Here in New England | A Best Place
Finding a home means so much more than just owning a house.
Mel Allen
Photo Credit: Jarrod McCabeFrom the day I arrived in New England during a January 1970 snowstorm to now, I have lived in 18 different houses in 11 towns—seven in Maine and four in New Hampshire, the state I’ve called home since the autumn of 1979.
I have been part of many stories telling of deep roots and love of land, the words always belonging to others. Most of those pieces have appeared in this magazine, which for 90 years has been devoted to a singular sense of place.
This feeling of belonging is elusive and cannot simply be wished for; it cannot suddenly be grafted on. For the nearly half century I worked at Yankee, my deepest roots were planted in an office with a view of the town fire station and a grassy meadow that climbs slightly to a knoll beside a country road. Most of the time when I left, it was on the edge of night.
When the pandemic hit, for many months there was no separation between work and home. Town became a family we all shared. And then it ended.

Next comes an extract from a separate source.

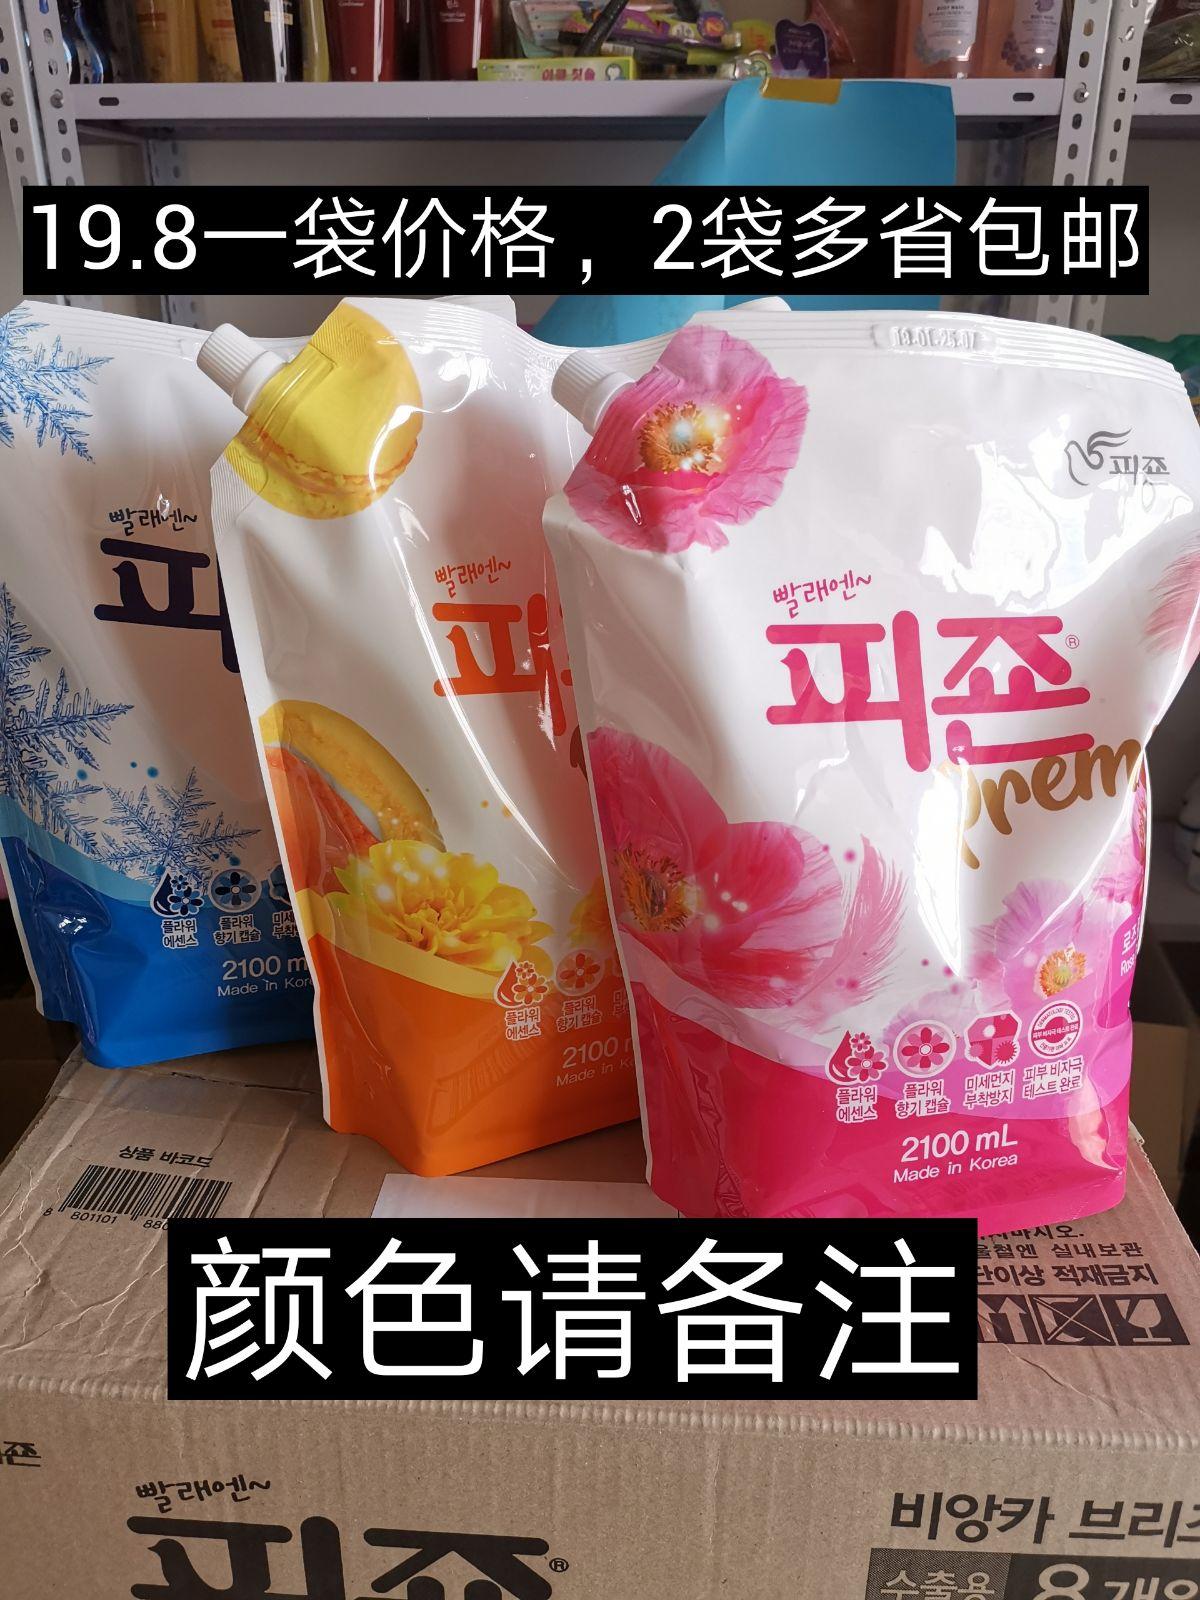 2袋包邮 韩国进口 碧珍 柔顺剂 衣物 除静电 香味持久2100ml

I have a friend who has lived most of his life within a few miles of where he was born and raised. Even when he explored living elsewhere, he knew he would return. His house nestles against a forest; summer days pass in a family boathouse, handed down through generations, on one of the prettiest lakes in New England. If my friend were a tree, his branches would spread high and wide; people would rest beneath its shade and look up in wonder.
My wife, Annie, grew up in the same small town where we are now settled in an old house by the river. She has lived in Rome, San Francisco, and Washington, DC, but years ago she, too, came back to her birthplace. And since I moved here, I have realized that where I see buildings and shops and streets, she sees history, traditions, stories. And mostly, she remembers. When we are walking in town and people pass by in cars or on foot, she knows many by name, and what they do, and often what their parents did, too, a small-town genealogy that only those with long ties to a town will know.

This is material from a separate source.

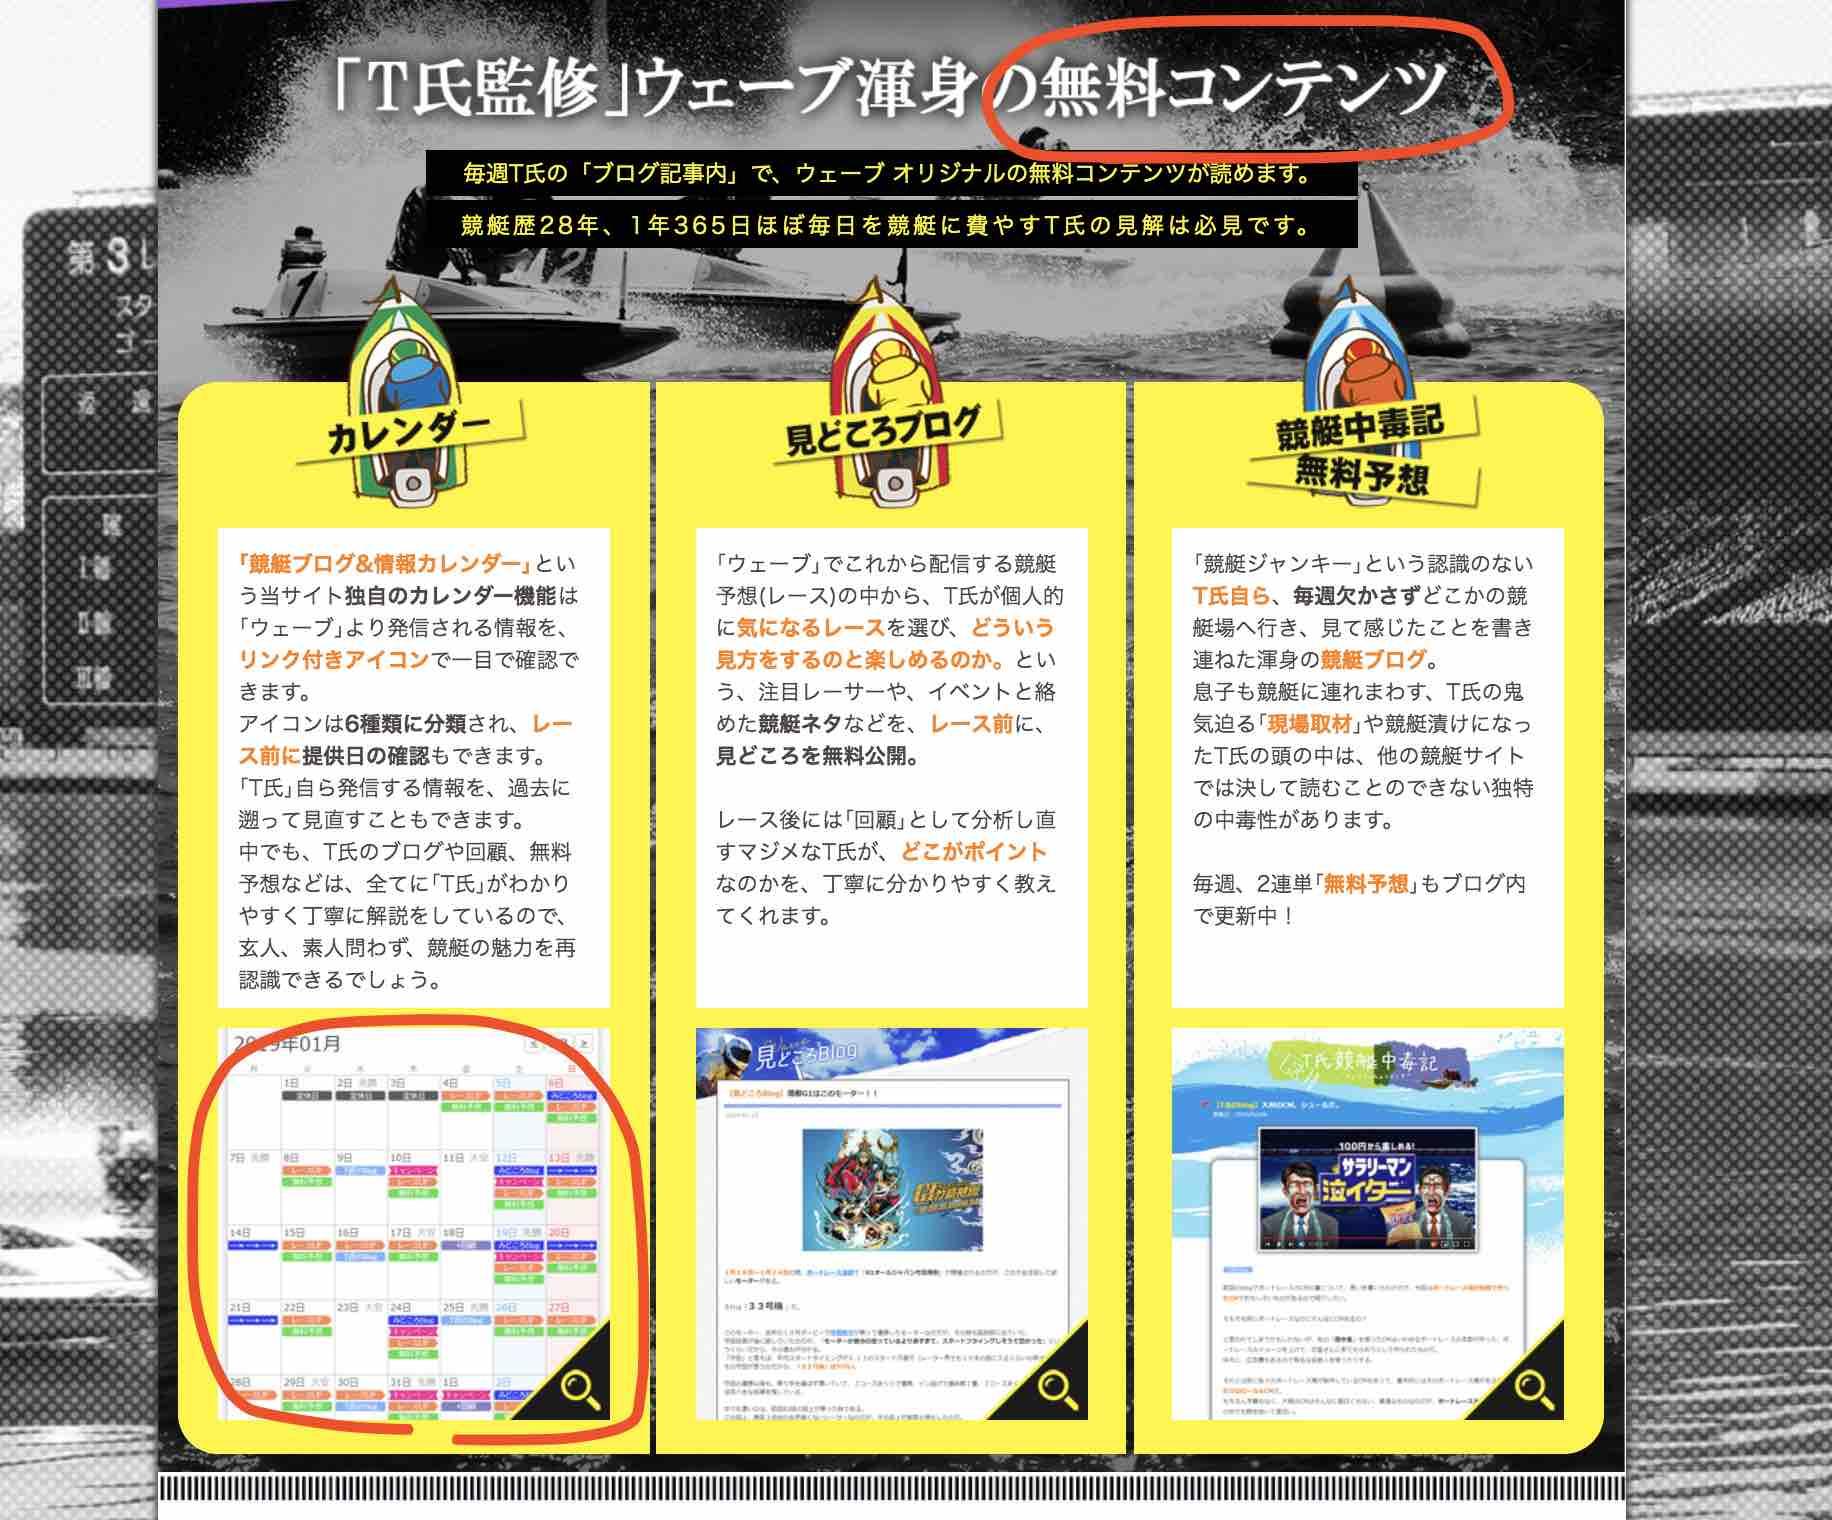 競艇ウェーブという競艇予想サイトの無料コンテンツ

There is time now to be attentive to the comings and goings of the people who share this place with me. To listen to the rhythm of a town. I had never thought of it this way, but it is not unlike nurturing any relationship.
A five-minute stroll from our house there is a local grocery store with a few tight aisles. When I enter, as I do almost every day, one staff member or another greets me by name. Not long ago, a young woman who works there had made cookies and offered them hot from the oven to me and other customers.

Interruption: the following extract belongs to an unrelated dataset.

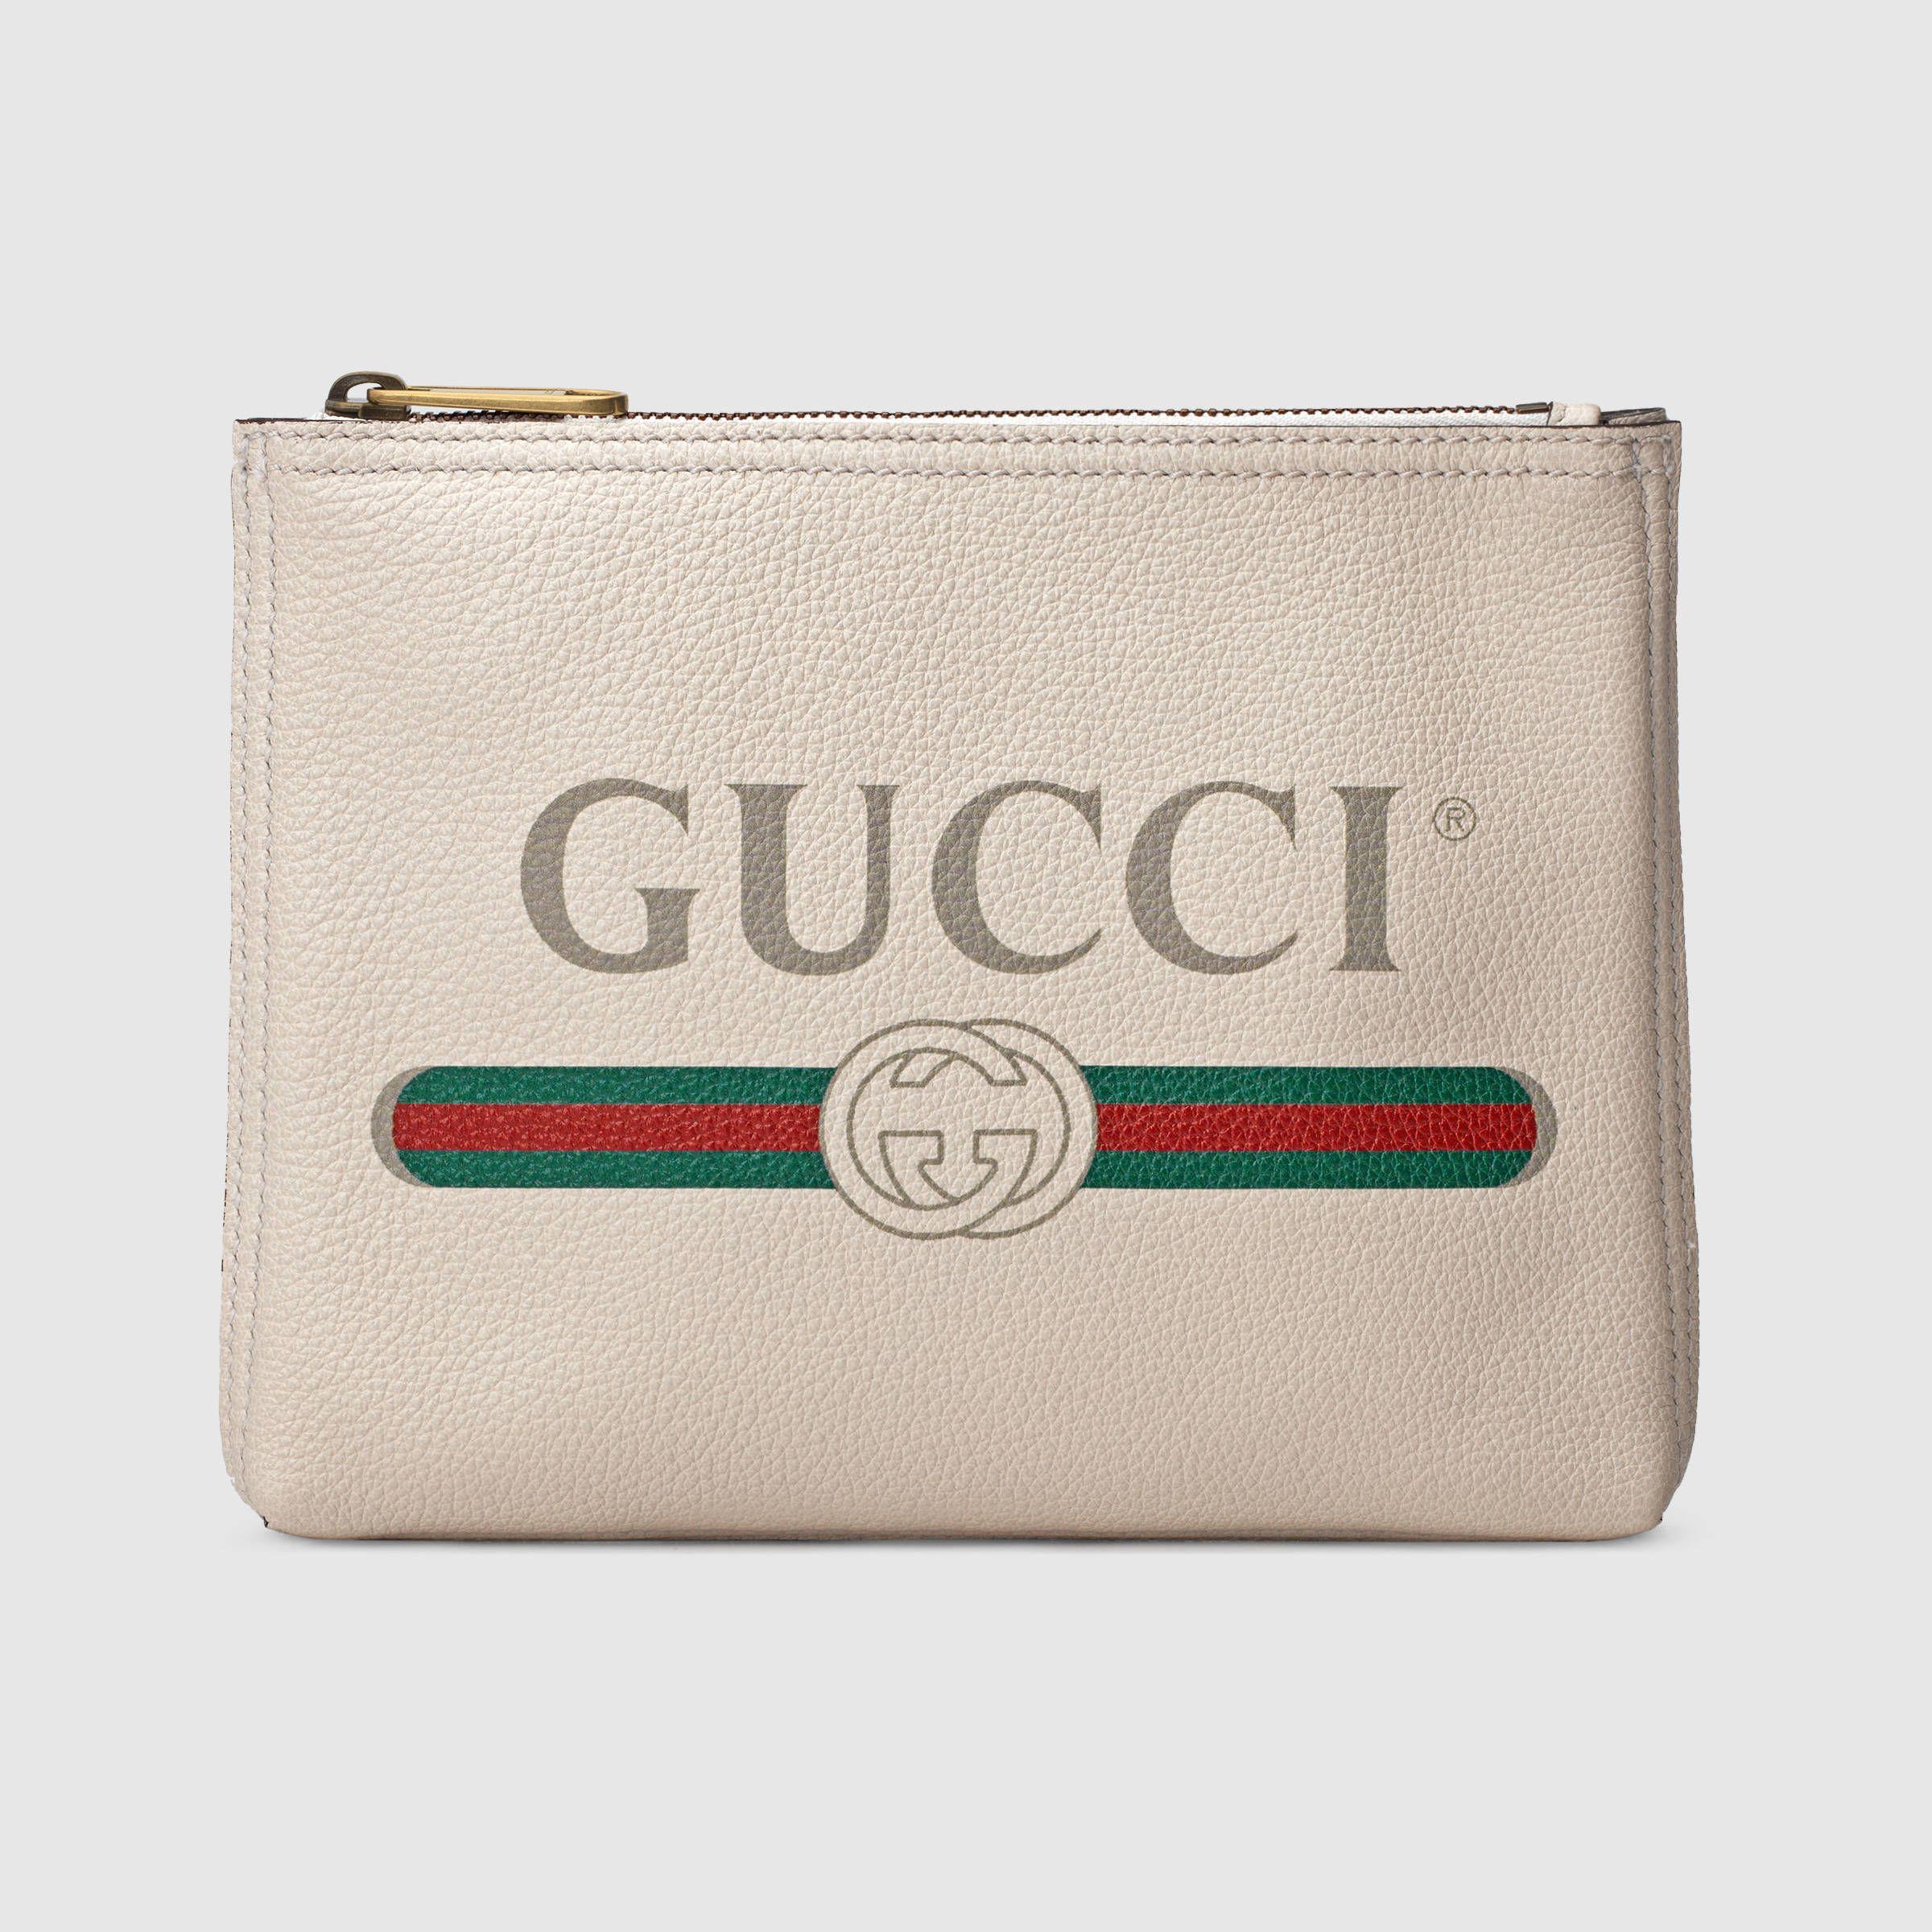 f0706427fe Gucci - Print leather small portfolio | Accessories | Gucci handbags ...

Recently, I stopped in to find the store celebrating the birthday of a man who had grown up in town and who had worked there for years. Decorated cupcakes and cookies lined a counter, and we were coaxed to help ourselves. You could hear the shouts of “Happy birthday, Dwight!” carry all through the store.
When I walk through town now, people call out and nearly always ask how I am liking retirement; many of them know this stage of life. When we have walked a bit of distance, I ask Annie their name and she knows. Next time, I will know it, too.
I have lived in our town for 17 years and only now, because I am here, daybreak to dark, I greet the people tending the flowers on Main Street; I am learning the names of the dogs we pass by each morning. Maybe, just maybe, I can have more than a house by a river. If I try, if I am patient, I can also find my own best place: a hometown.